Yes, there is a pecking order and familiarity that makes people in charge comfortable. Back in the fall of 1978, Laney featured 11 seniors and three juniors--eight of them guards. They had the varsity spots on lock with returnees Dave McGhee and James "Sputnik" Beatty better than ever. One assistant coach, Ron Coley, never saw Jordan try out and later recalled seeing MJ as "shy" and barely overcoming difficulty defeating older brother Larry. But Herring and his staff endured a debate over what to do with Leroy Smith with his size, despite Mike working oh so hard with his runs and condition drills and demanding more. Supreme effort ruled Mike. But the coaches made precedent by putting Leroy Smith at the final spot ahead of Mike to address the team's height deficiencies.

When I read basketball whisperer Idan Ravin's Q&A column in SLAM magazine, he would occassionally get questions from basketball players who are undersized and he would respond about hate hearing excuses why they're height is getting in the way of their basketball dreams. All due respect to him, but the reality is size does play, if not entirely, a factor why undersized players aren't as plentiful. It's as if everything's fully meritocratic even with varying levels of talent. There have been exceptions of course--Muggsy Bouges, Michael Adams, Monty Towe, Larry Brown, Shawta Rodgers, Charlie Criss, Spud Webb, Earl Boykins, Tim Hardaway, Calvin Murphy, Damon Stoudemire. Assumptions matter in the eyes of coaches too due to familiarity/previous experiences/coaching philosophies/matchups. Again, size is at a premium. Don't forget pecking orders. Then again, I never played orgainzed basketball. Nowdays in the NBA for example, coaches really aren't interested in undersized players for matchups. Undersized players have to be incredibly good and hard workers in several of aspects and qualities so that coaches can't ignore them. They're in win now mode. Looking at it now, if Mike was taller at least 6 feet, I'd think he'd at least be riding pine for most games as a mark of respect by the coaches to the juniors and seniors. At 6-4, he'd be a shoo-in and get some games.
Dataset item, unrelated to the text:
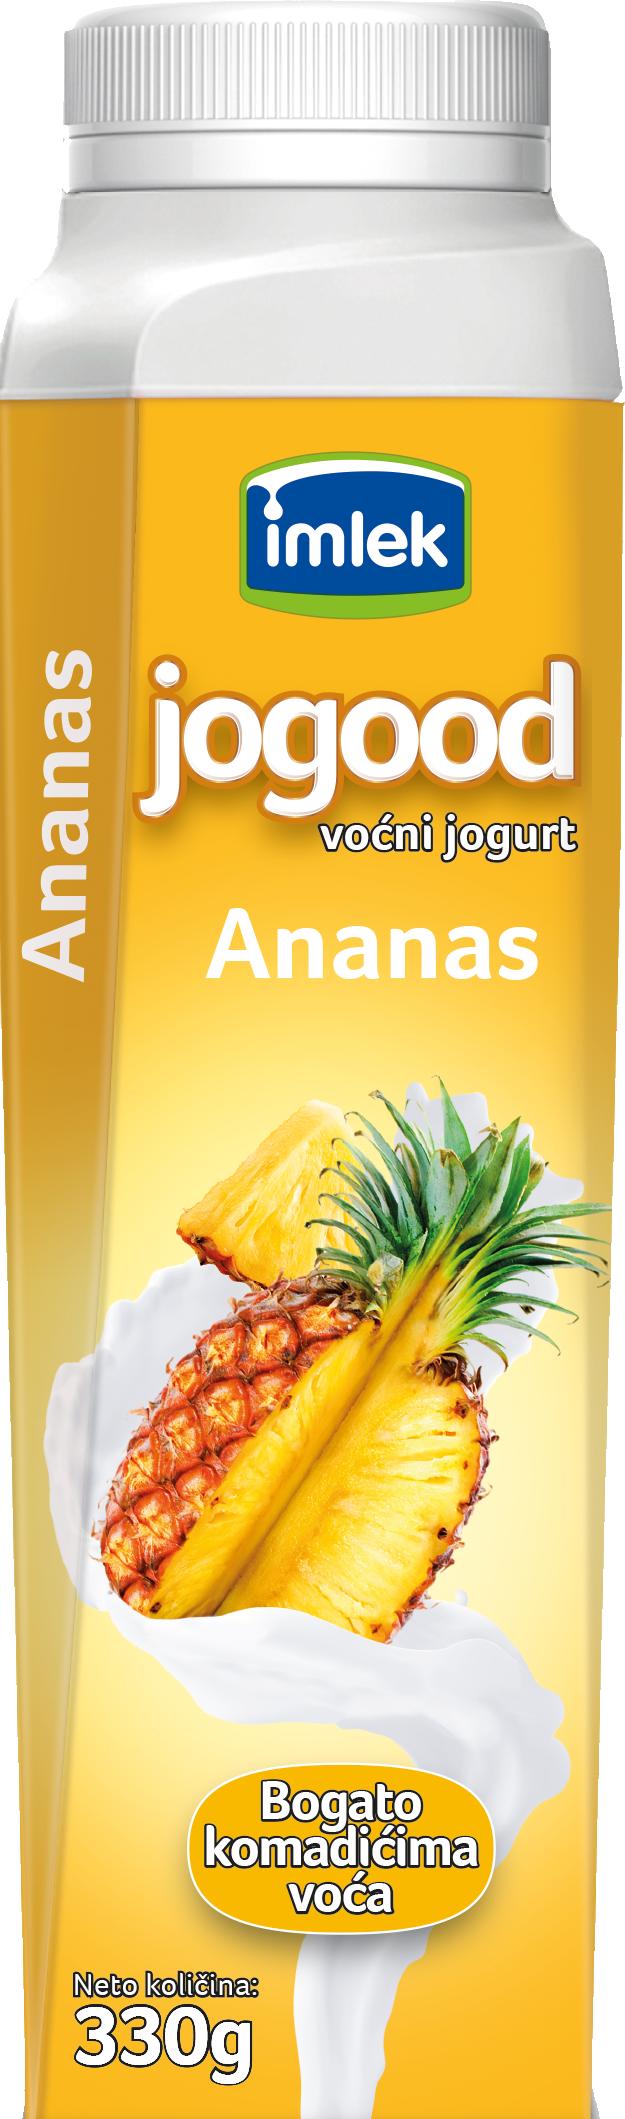 Slika za Voćni jogurt Jogood ananas 330g

Another thing that was a mistake lies in that Fred Lynch diplomaticaly took the rap for MJ's high school not making varsity on the incredibly popular video Michael Jordan: Come Fly With Me when Pop Herring wasn't available for the film crew. Not true. Lynch was actually the freshman team coach at the time. Him thinking it best for both parties. Really more for the team wanting to maintain its winning ways and likely having any time for projects. One of his assistants said to the late David Halberstam is his Michael Jordan book (I think), they "wanted Michael to play more" organized basketball.